31/08/2013 03:26 EDT | Actualisé 31/10/2013 05:12 EDT

SANAA, Yémen - Des tireurs ont fait feu sur le cortège motorisé du premier ministre du Yémen samedi, mais il s'en est sorti indemne, a affirmé un employé gouvernemental.

L'attaque sur le convoi du premier ministre Mohammed Salem Bassindwa dans la capitale yéménite survient après la mort d'un agent de renseignement sénior dans le sud du pays, rapportent des responsables de la sécurité.

Ali al-Sarari, un porte-parole du premier ministre, a affirmé à l'Associated Press que les tireurs se déplaçaient à bord d'un véhicule sans plaque d'immatriculation et ont criblé de balles le convoi de trois voitures.

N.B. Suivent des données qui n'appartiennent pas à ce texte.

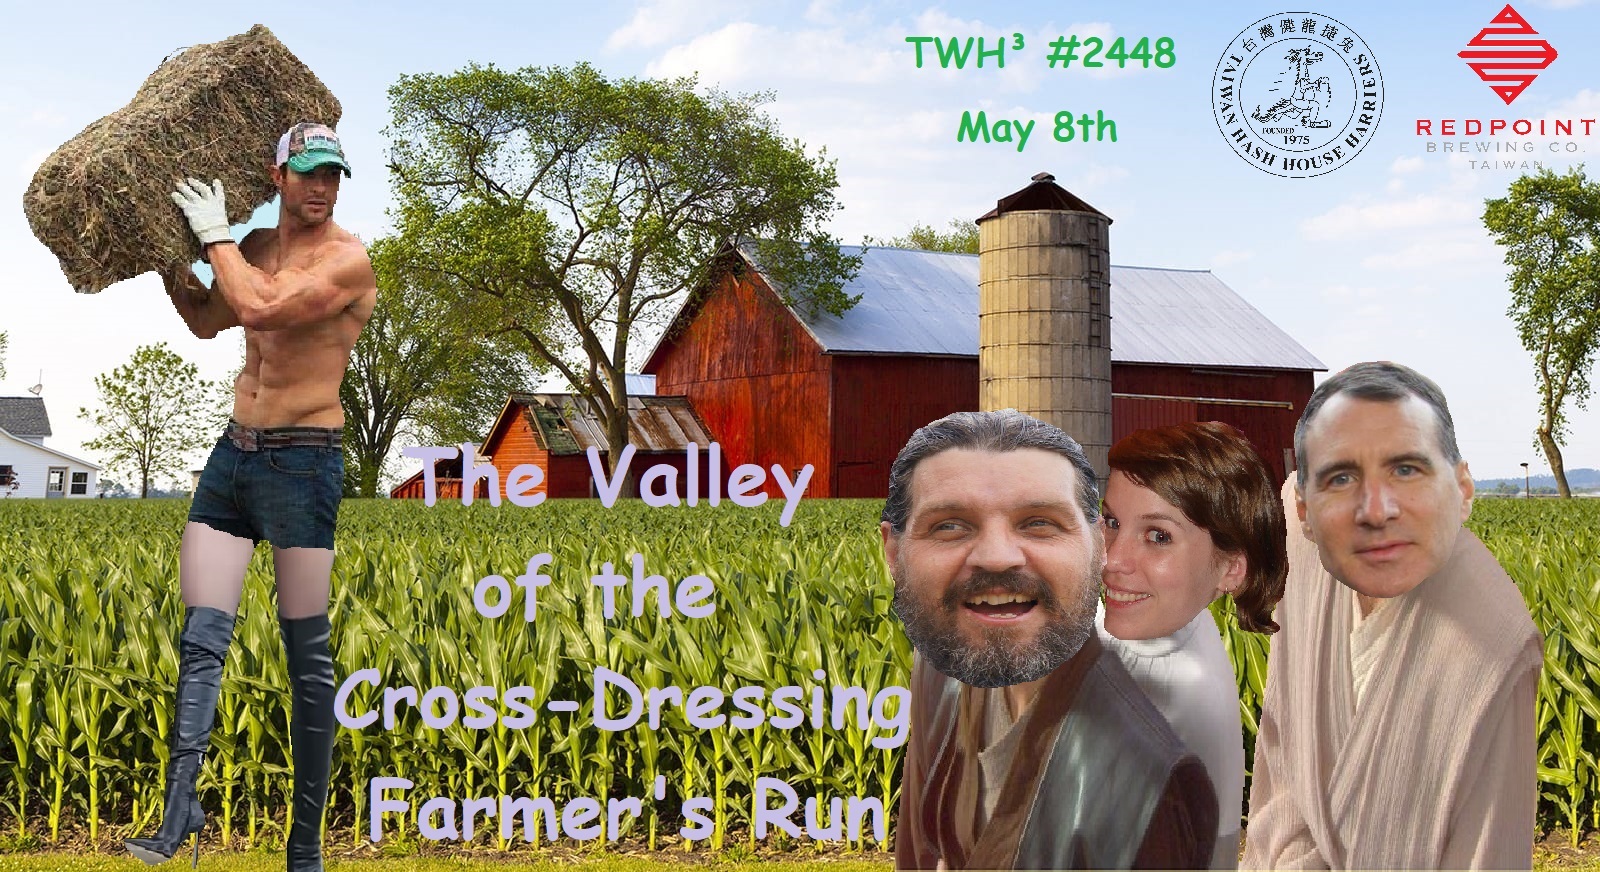 #2448 - The Valley of the Cross-Dressing Farmers Run

Certains des véhicules portaient des marques de balles, mais le premier ministre n'a pas été blessé, a-t-il affirmé.

Des militants sont derrière une série d'assassinats d'officiers de sécurité, alors que le gouvernement lutte contre des militants liés à al-Qaïda, qui contrôlent principalement le sud du Yémen. Des tentatives de meurtre sur des politiciens sont toutefois rares. Il n'a pas été possible de savoir si l'attaque ciblait M. Bassidwa ou si elle faisait partie de la montée de la tension au pays. Le Yémen est toujours au milieu d'une bataille politique depuis la montée populaire de 2011 contre l'ancien président.

M. Bassindwa a été désigné vers la fin de 2011 pour diriger un gouvernement de coalition constitué de ministres de l'opposition et de responsables du régime de l'ancien président Ali Abdullah Saleh, qui a démissionné face à la pression populaire.

En près d'un an de conflit, la sûreté s'est effondrée dans certaines parties du Yémen. Des militants liés à al-Qaïda ont aussi profité de l'agitation politique pour renforcer leur présence dans certaines régions du sud du pays.

Samedi, des responsables de la sécurité au Yémen ont affirmé que des tireurs supposément liés à al-Qaïda avaient abattu un important officier des services de renseignement.

Ces responsables ont indiqué qu'Hassan al-Mansouri avait été tué samedi à Labous, dans la province de Lahj (sud), à la suite d'une journée de heurts entre des membres de tribus locales et de présumés membres d'al-Qaïda dans la région. Selon eux, M. Al-Mansouri avait organisé les tribus dans le cadre d'une campagne pour repérer et expulser les extrémistes de la zone.